Liechtenstein, whose 36,000 residents enjoy the world’s second-highest per-capita income, after Monaco’s, was unaccustomed to such a downturn.
“There were some years in which the financial industry in Liechtenstein didn’t really know where they were heading to,” Laternser said in a telephone interview from his office in Vaduz. “This insecurity made people leave.”
Tethered to the Swiss currency and boasting stable banking and judicial systems, Liechtenstein allows for the rapid creation of foundations and trusts that are controlled by boards and professional trustees and are owned by unidentified individuals or families.
Liechtenstein was further encouraged to change its stance on client secrecy after data was stolen from its largest bank, LGT Group, which is owned by the principality’s ruling family. The data was used by Germany to prosecute tax evaders in 2008. Former Deutsche Post AG Chief Executive Officer Klaus Zumwinkel was convicted of tax evasion and received a two-year suspended prison sentence and a penalty of 1 million euros ($1.25 million).

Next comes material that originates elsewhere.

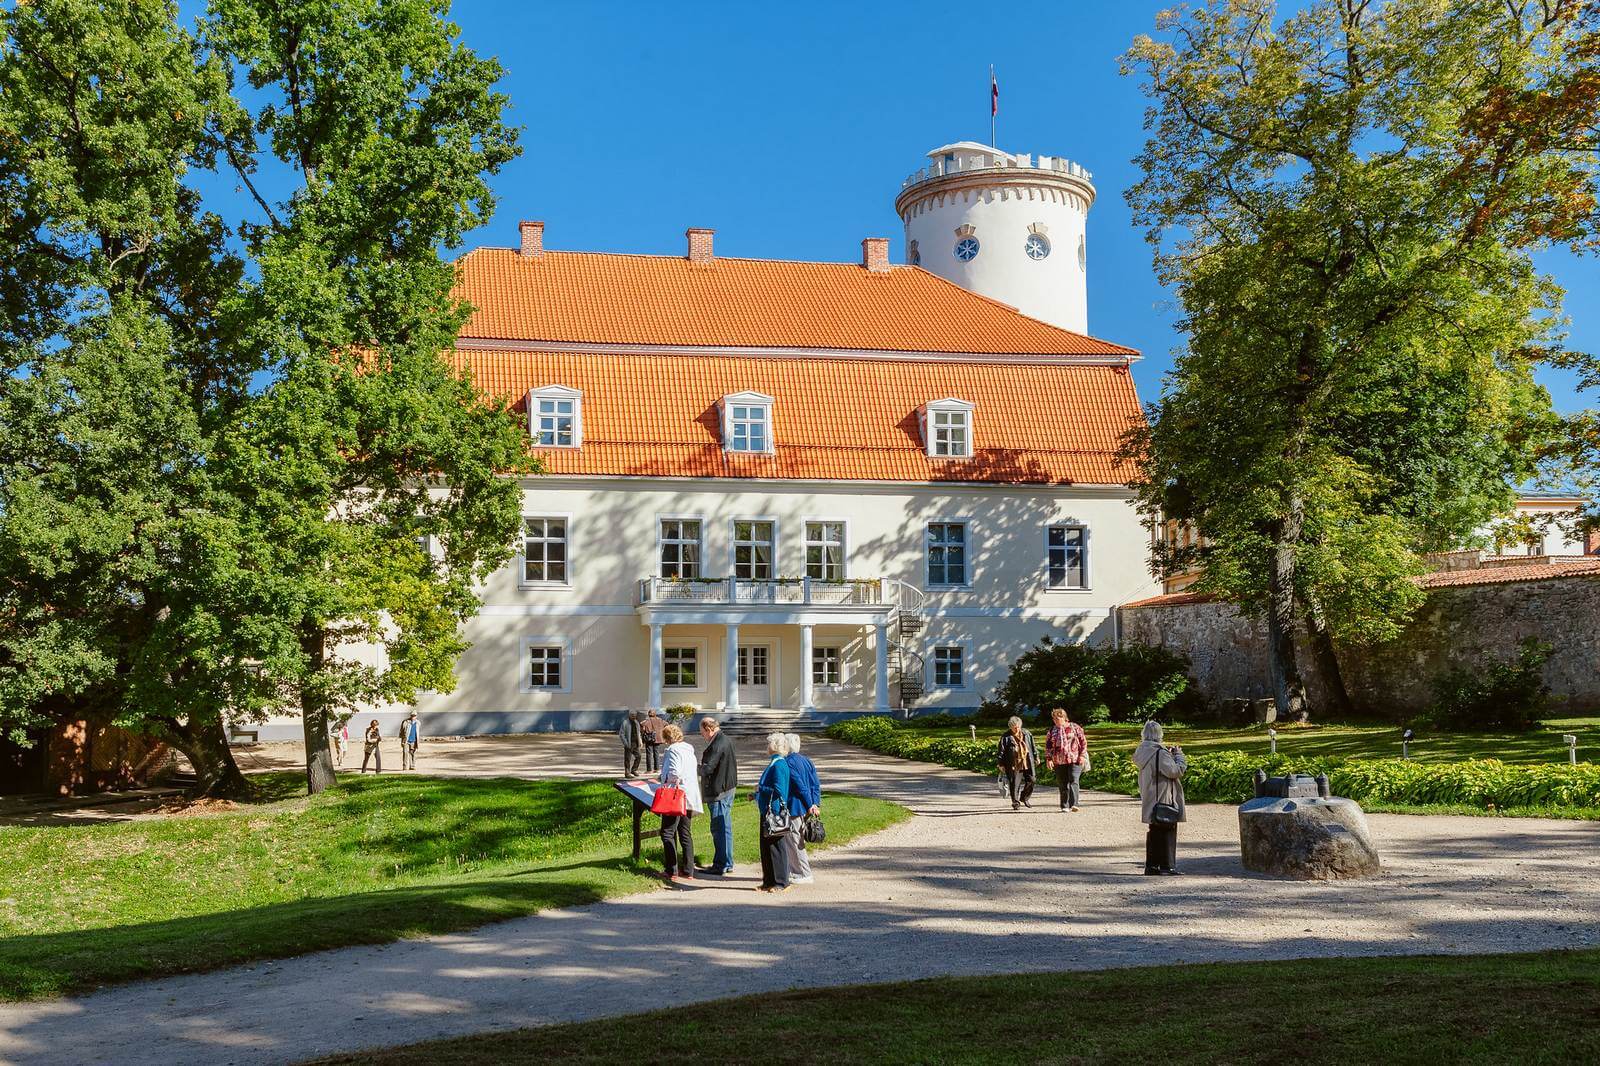 Foto: Das neue Schloss Cesis an der Ordensburg Cesis/Wenden - Bildrechte latvia.travel - Lupe Reisen

Liechtenstein agreed in March 2009 to meet international standards to avoid being branded again as an uncooperative tax haven by the OECD. In the same year, the country signed a five- year tax disclosure agreement with the U.K. that allows British citizens with unpaid taxes linked to investments or assets in Liechtenstein to settle their obligations under a special transitional arrangement that exempts them from prosecution in the U.K. for noncriminal acts. It now has 35 information sharing agreements with other nations.

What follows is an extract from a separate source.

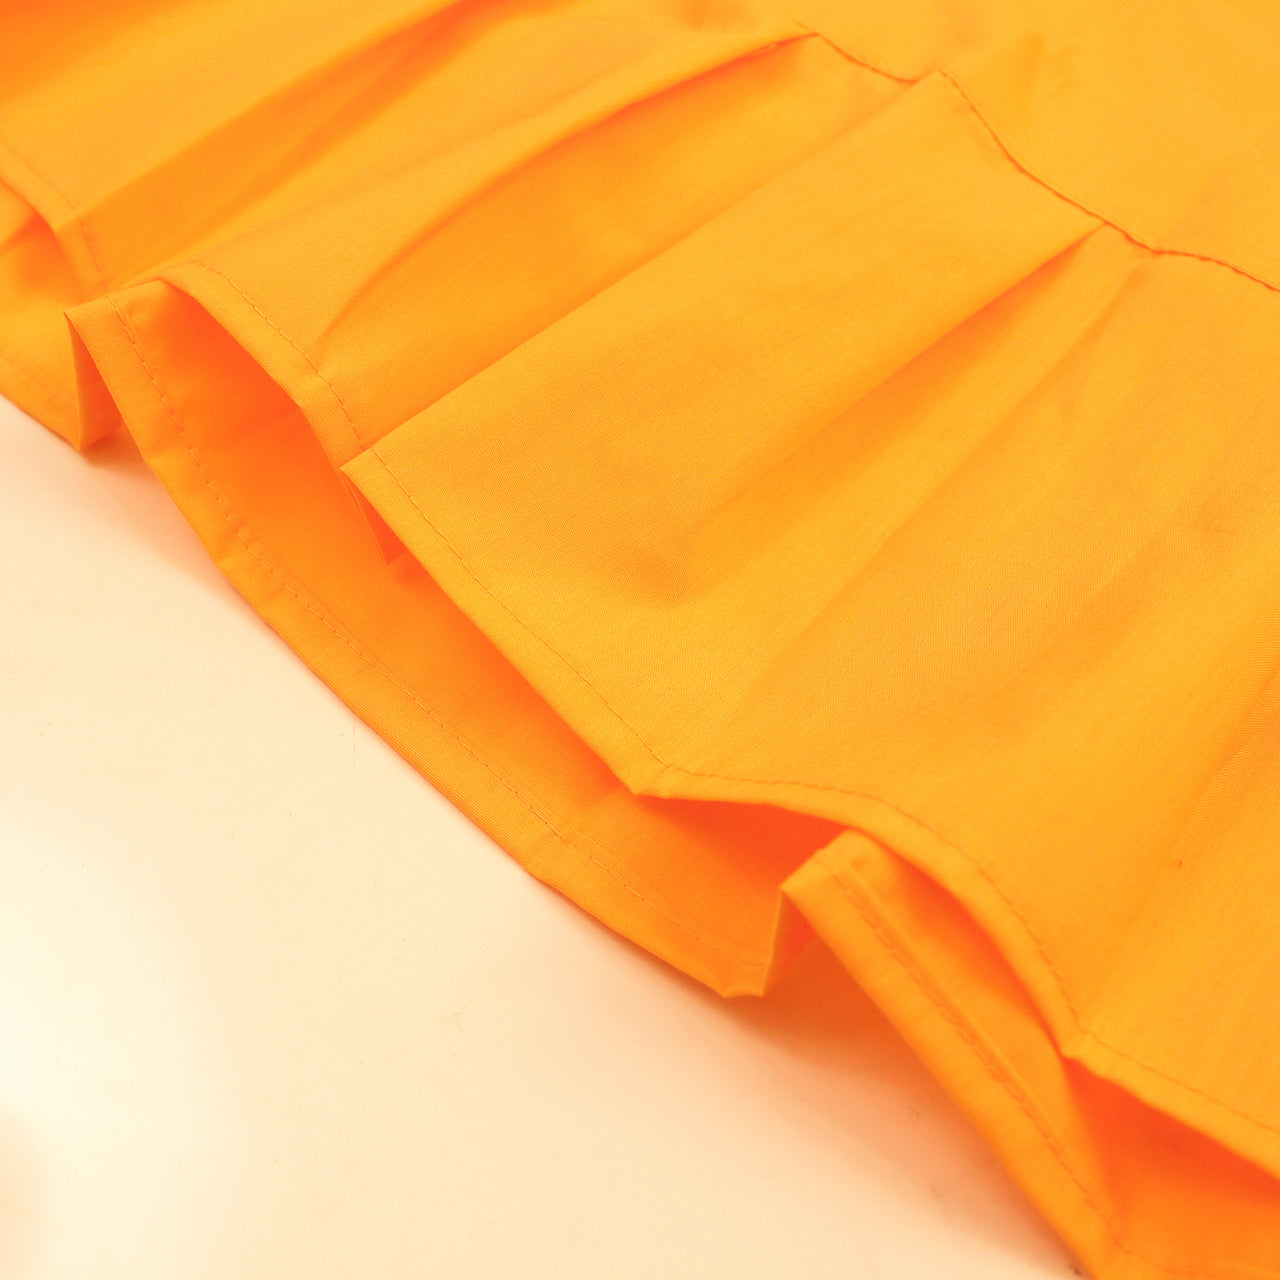 Light Orange - Sari (Saree) Petticoat - Available in S, M, L & XL - Underskirts For Sari's

Gey likened the country’s new openness to builders in the 1970s who had used asbestos and were castigated for spreading a health risk.
“You might lose some business in the short-term, but if you don’t adapt to the new rules, you will not be competitive anymore,” she said in an interview in her Vaduz office.
Liechtenstein’s foundations are now required to have on site all information related to the beneficial account owners, regardless of where the assets are held, according to Gey.
Not every tax haven is being as compliant as Liechtenstein. Neighboring Switzerland, the world’s largest offshore banking center, has so far resisted a tax evasion settlement or an agreement with the U.S. on Fatca.
The U.S. Justice Department has been investigating at least 11 Swiss financial firms suspected of helping Americans hide money from the U.S. Internal Revenue Service.
The U.S. began a crackdown on Swiss banking secrecy in 2008, when the IRS issued a summons for information from UBS AG, Switzerland’s largest bank. UBS had to pay a $780 million fine and hand over details on 4,700 accounts held by U.S. citizens in 2009 to settle proceedings that could have led to the loss of the bank’s operating license in the U.S.
Wegelin & Co., the oldest Swiss private bank, pleaded guilty in Manhattan federal court in January of conspiring to help hide more than $1.2 billion in assets from the IRS, while opening undeclared accounts for at least 70 U.S. taxpayers who were former UBS clients. The bank, which paid $74 million to resolve the investigation, closed its doors after 272 years.
“The Swiss made too much easy money from this business for too many years,” said Marcovici. “They’re like a dying man grasping for its last breath.”